The masses of 6 containers of Chow dog food are:
9.8
10.4
9.8
10
10.2
9.6
Find a 95% confidence interval for the mean mass of all such dog food. (Assume an approximate normal distribution). Give the lower limit.
To find the 95% confidence interval for the mean mass of all the containers of Chow dog food, we can use the t-distribution since the sample size is small (n = 6) and the population standard deviation is unknown.
First, let's calculate the sample mean:
Mean = (9.8 + 10.4 + 9.8 + 10 + 10.2 + 9.6) / 6 = 59.8 / 6 = 9.9667 (rounded to four decimal places)
Next, let's calculate the sample standard deviation (s):
To do this, we need to find the squared deviations from the mean for each data point, sum them up, divide by (n-1), and take the square root.
Squared Deviations from mean:
(9.8 - 9.9667)^2 = 0.002222
(10.4 - 9.9667)^2 = 0.018113
(9.8 - 9.9667)^2 = 0.002222
(10 - 9.9667)^2 = 0.001067
(10.2 - 9.9667)^2 = 0.005356
(9.6 - 9.9667)^2 = 0.133689
Sum of squared deviations:
0.002222 + 0.018113 + 0.002222 + 0.001067 + 0.005356 + 0.133689 = 0.162669
Sample variance (s^2) = Sum of squared deviations / (n-1) = 0.162669 / 5 = 0.032534 (rounded to six decimal places)
Sample standard deviation (s) = √(0.032534) = 0.180244 (rounded to six decimal places)
To calculate the t-critical value, we need to determine the degrees of freedom which is (n-1) = 6-1 = 5.
Using a t-table or calculator with a significance level (α) of 0.05 and degrees of freedom (df) of 5, the t-critical value is approximately 2.571.
Standard Error (SE) = s / √n = 0.180244 / √6 = 0.073523 (rounded to six decimal places)
Margin of Error (ME) = t-critical value * SE = 2.571 * 0.073523 = 0.188950 (rounded to six decimal places)
Finally, we can calculate the 95% confidence interval for the mean mass of all such dog food:
Lower Limit = Sample mean - Margin of Error = 9.9667 - 0.188950 = 9.777750 (rounded to six decimal places)
Therefore, the lower limit of the 95% confidence interval for the mean mass of all such dog food is approximately 9.777750.
To find the 95% confidence interval for the mean mass of all the dog food containers, we can use the formula:
Confidence Interval = Sample Mean +/- Margin of Error
First, let's calculate the sample mean:
Sample Mean = (Sum of all masses) / (Number of containers)

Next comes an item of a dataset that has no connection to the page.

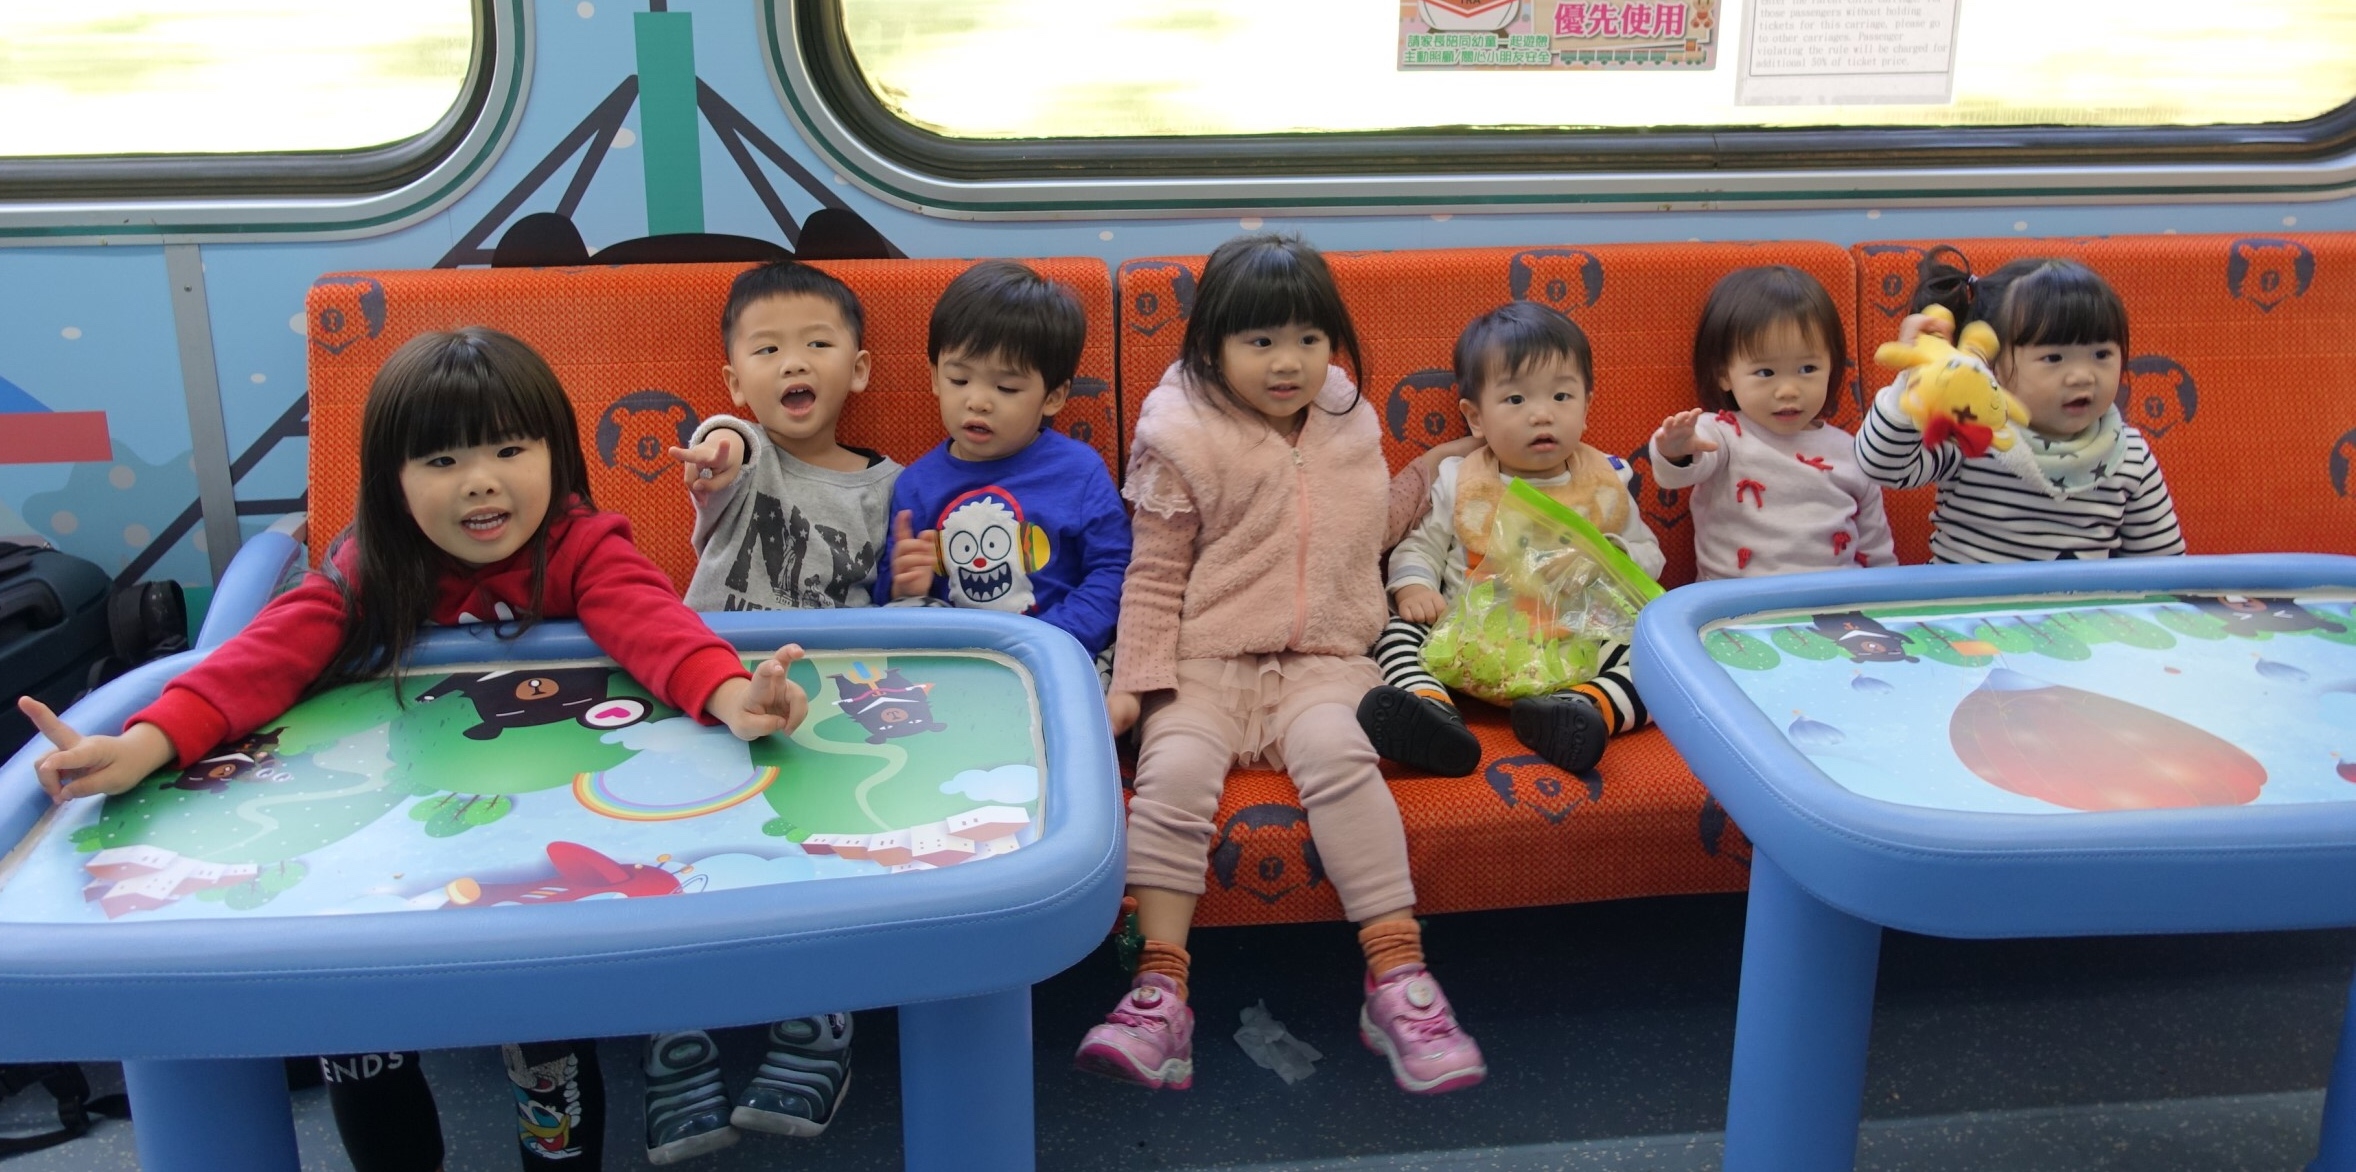 【2019 交通攻略】不怕孩子吵鬧的「台鐵親子車廂」申請方法與體驗心得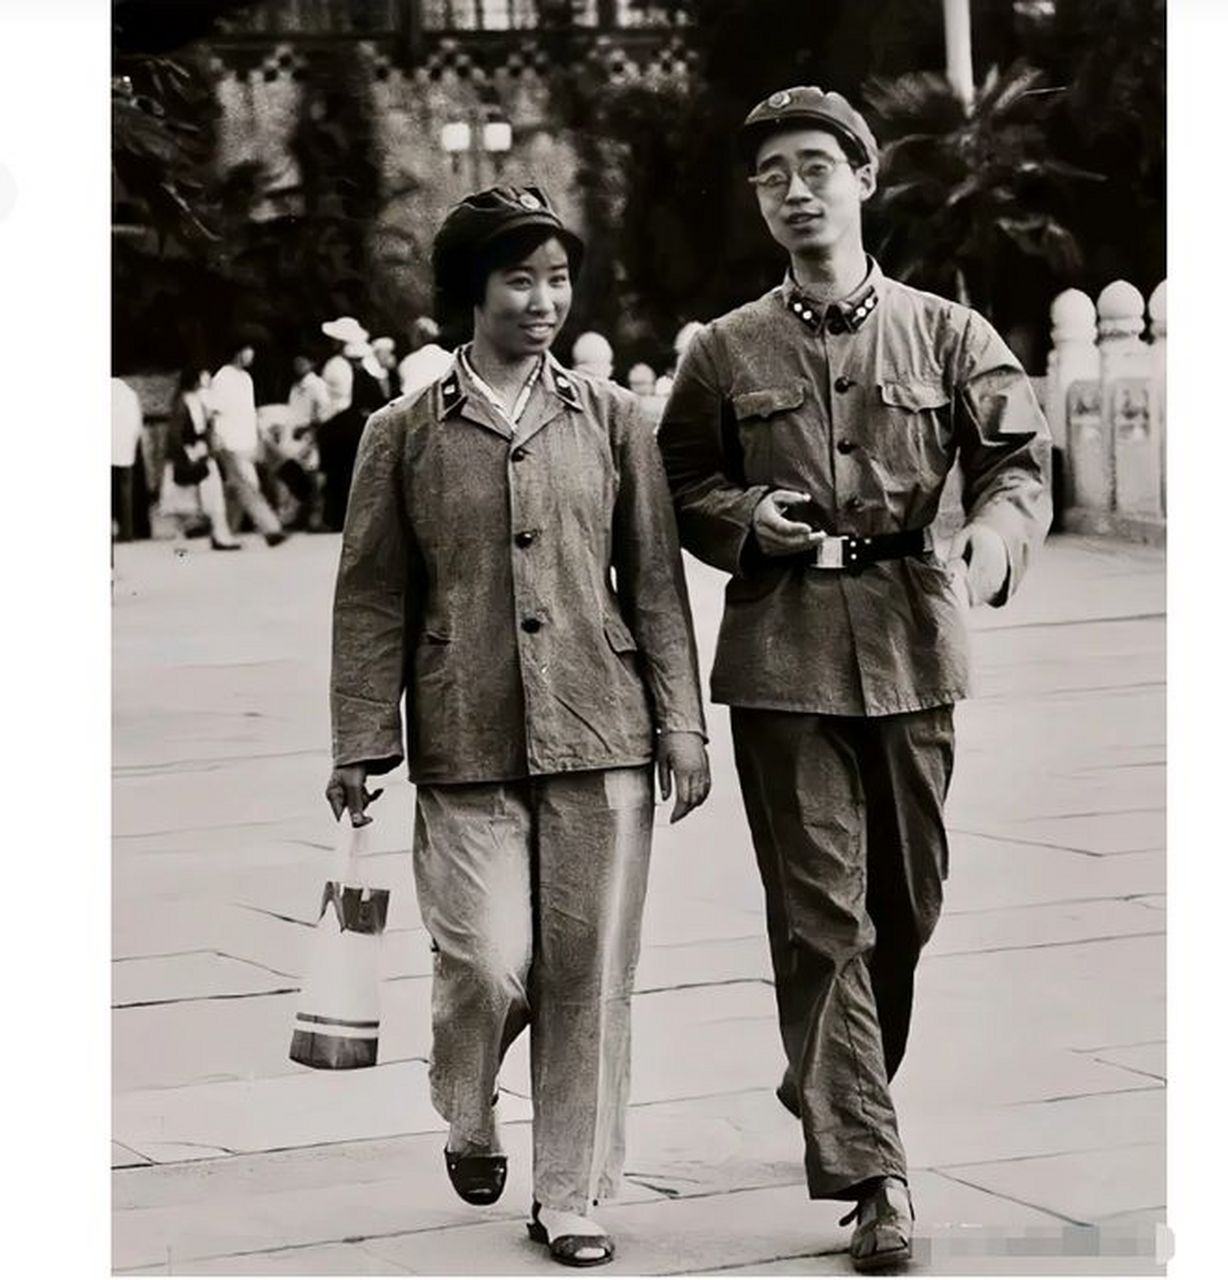 在60年代的某一天,街头出现了两名穿着解放军制服的年轻人,他们一男一

= (9.8 + 10.4 + 9.8 + 10 + 10.2 + 9.6) / 6
= 59.8 / 6
= 9.9667 (rounded to 4 decimal places)
Next, we need to calculate the standard deviation of the sample. For an approximate normal distribution, we can use the formula:
Sample Standard Deviation = Square root of [(Sum of (Xi - X̄)^2) / (n - 1)]
Where:
- Xi is the mass of each container
- X̄ is the sample mean
- n is the number of containers
Calculating the sum of (Xi - X̄)^2:
(9.8 - 9.9667)^2 + (10.4 - 9.9667)^2 + (9.8 - 9.9667)^2 + (10 - 9.9667)^2 + (10.2 - 9.9667)^2 + (9.6 - 9.9667)^2
= 0.00150667 + 0.00117778 + 0.00150667 + 0.00001333 + 0.00053222 + 0.00106667
= 0.00580333
Calculating the sample standard deviation:
Sample Standard Deviation = √(0.00580333 / (6 - 1))
= √(0.00580333 / 5)
= √(0.00116067)
= 0.03408 (rounded to 5 decimal places)
Now, we need to determine the margin of error. The formula for the margin of error is:
Margin of Error = Critical Value * (Sample Standard Deviation / √n)
Since we want a 95% confidence interval, and assuming an approximate normal distribution, the critical value is obtained by looking up the z-score in the standard normal distribution table. For a 95% confidence interval, the critical value is 1.96.
Calculating the margin of error:
Margin of Error = 1.96 * (0.03408 / √6)
= 1.96 * (0.03408 / √6)
= 0.02677 (rounded to 5 decimal places)
Finally, we can calculate the confidence interval:
Confidence Interval = Sample Mean +/- Margin of Error
= 9.9667 - 0.02677
= 9.9399 (rounded to 4 decimal places)
Therefore, the lower limit of the 95% confidence interval for the mean mass of all the dog food containers is approximately 9.9399.